To ensure correctness, use assert()
checks on mock properties like mock.call_args
, mock.call_args_list
, mock.mock_calls
, and mock.call_count
.
Note that mock.mock_calls
and mock.call_args
return a mock._Call
object which is a wrapped tuple object. The correct way to interact with it is call[0]
which returns a tuple of the value args passed (i.e. suitable for use with *args
) and call[1]
returns the keyword args passed (i.e. suitable for use with **kwargs
)
For example:
mocked_object = mocker.patch('RestThing.client.ThingClient')
args, kwargs = mocked_object.do_something.call_args
assert(isinstance(args[0], MyClass))
If you need to mock configuration, do not attempt to edit app.config directly. This will fail for extensions like the backend, which initialize only at app creation time. Instead, mutate the configuration via pytest decorator:
@pytest.mark.options(CONFIG_VAR='value')
When a mocked class is instantiated (common in the Azure SDKs), be sure to use mock chaining (mocked_client.return_value
) to ensure you retrieve the Mock
instance created as a result of the instantiation. For example the BatchServiceClient
might be mocked, but running client = BatchServiceClient()

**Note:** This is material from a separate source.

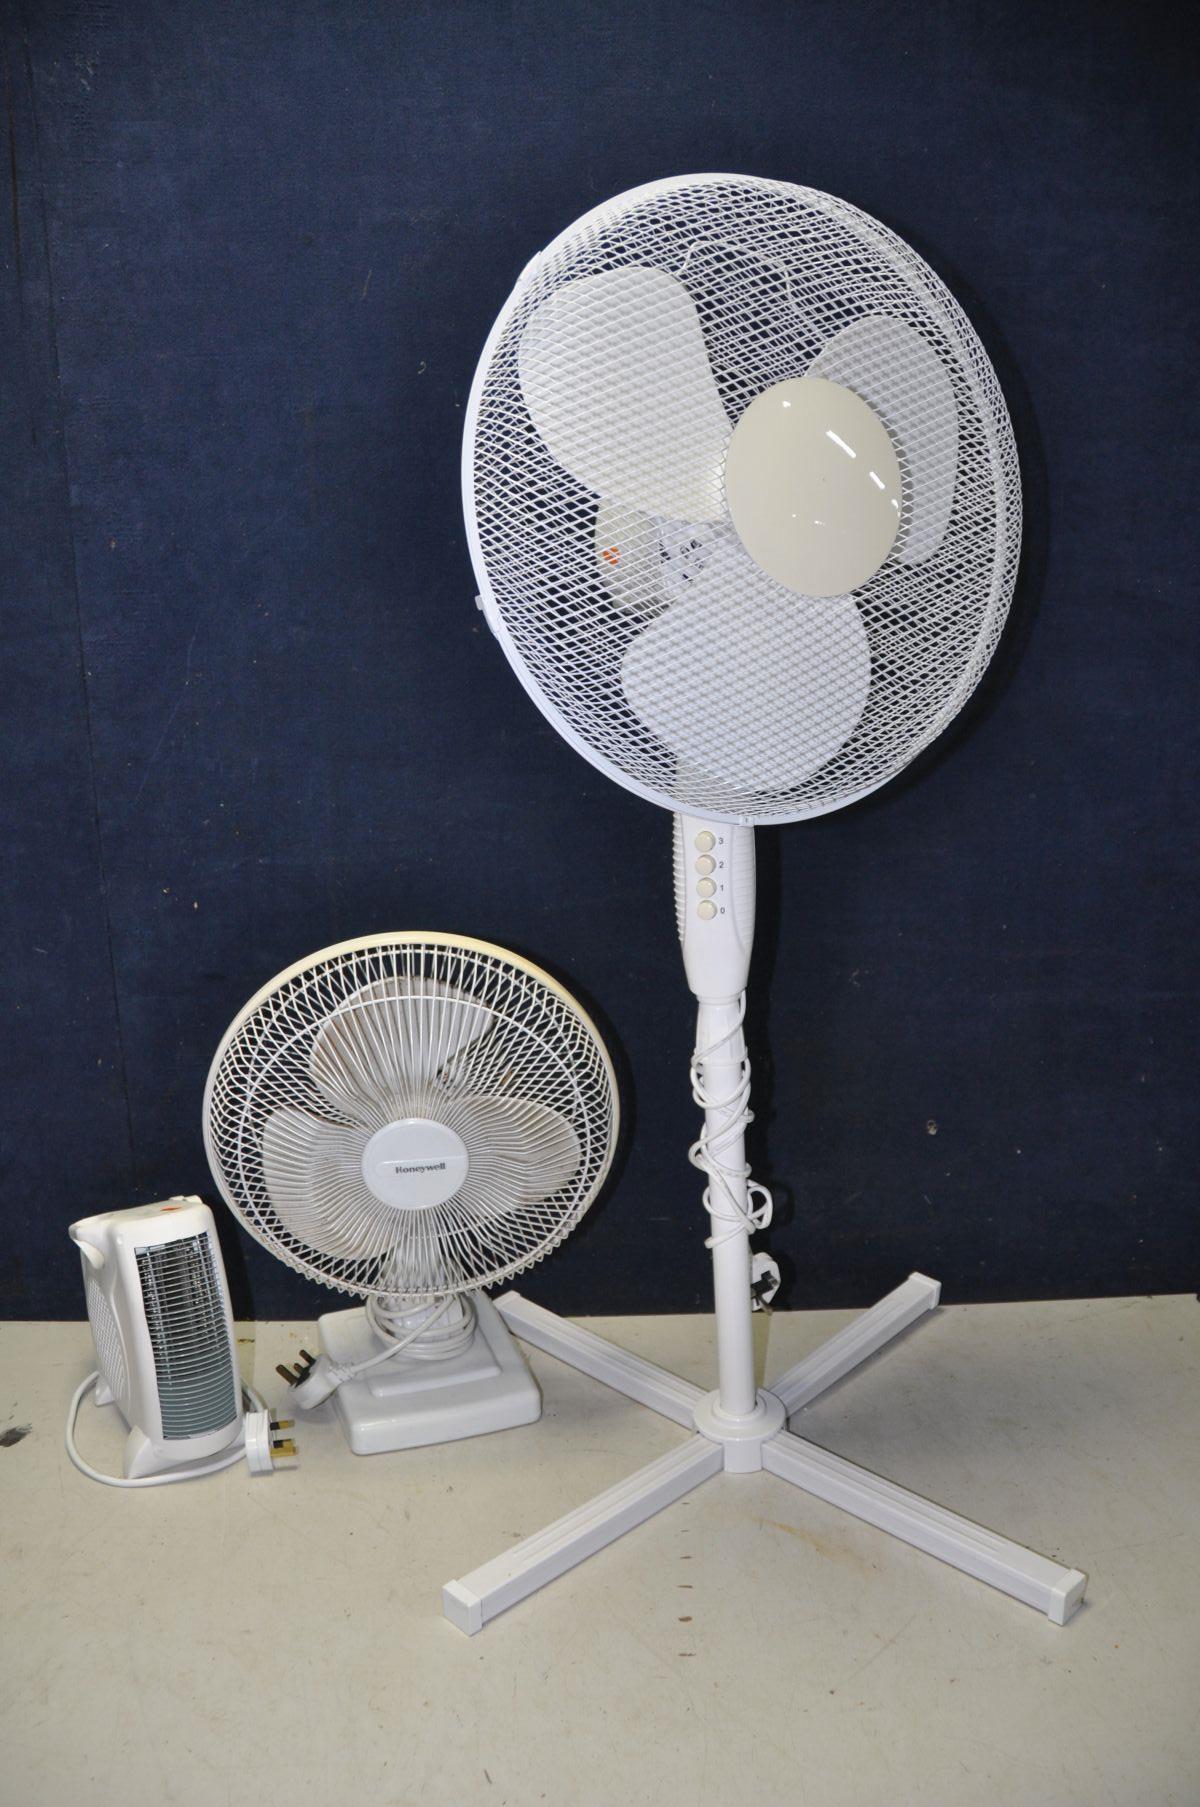 THREE FANS to include a unbranded 16in standing fan model No FS40-8JC, a Honeywell desk fan model No
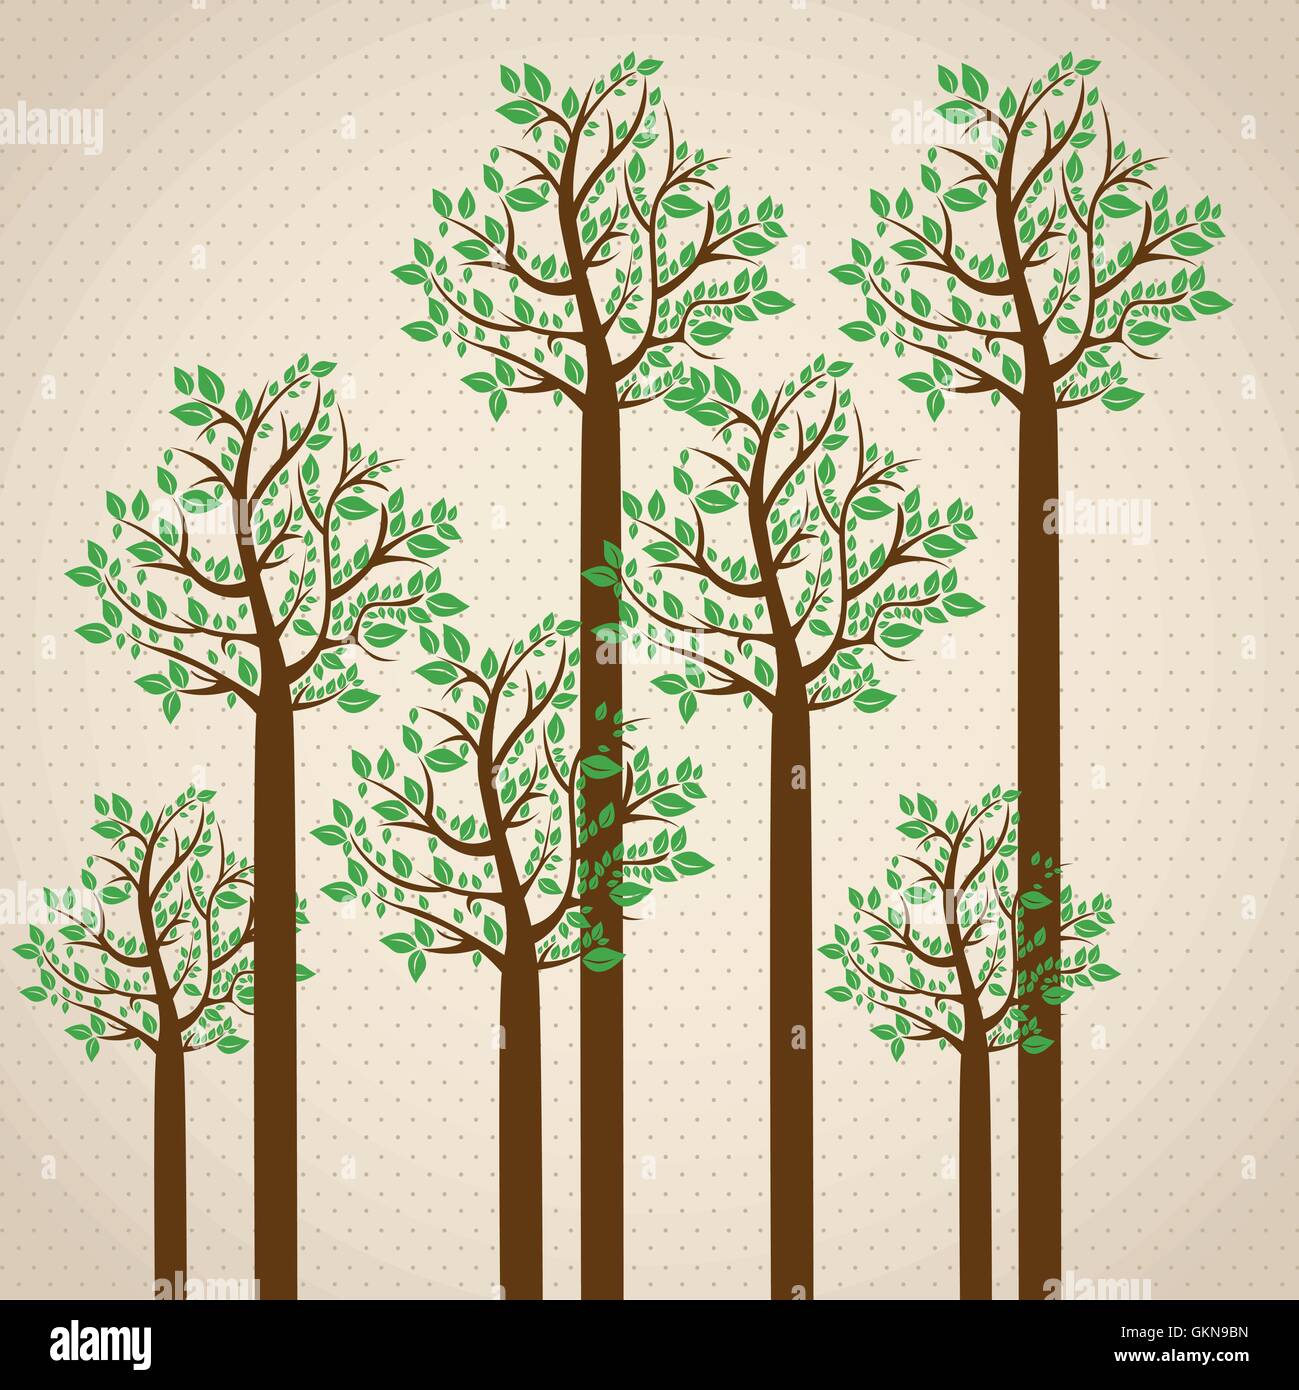 La saison des arbres dans le vert saison d'vector illustration Illustration de Vecteur

results in a new mock (that mocked_client.return_value
returns).
If you do not do mock chaining per above, call tracking behavior will fail since e.g. BatchServiceClient().job.add
is actually being called on the new mock from instantiation, not mocked_client
.
Here's a concrete example of what won't work:
def test_initialize_pool(self, app, mocker):
mocked_batch_client = mocker.patch('azure.batch.batch_service_client.BatchServiceClient')
compute_backend.backend._initializePool()
# fails, since we are operating on the mocked client class, not the Mock instance consumed by the target code
assert(mocked_batch_client.pool.add.call_count == 1)
This example does work:
def test_initialize_pool(self, app, mocker):
mocked_batch_client = mocker.patch('azure.batch.batch_service_client.BatchServiceClient')
compute_backend.backend._initializePool()
# this retrieves the new Mock instance returned by BatchServiceClient() in the target code, so it succeeds
assert(mocked_batch_client.return_value.pool.add.call_count == 1)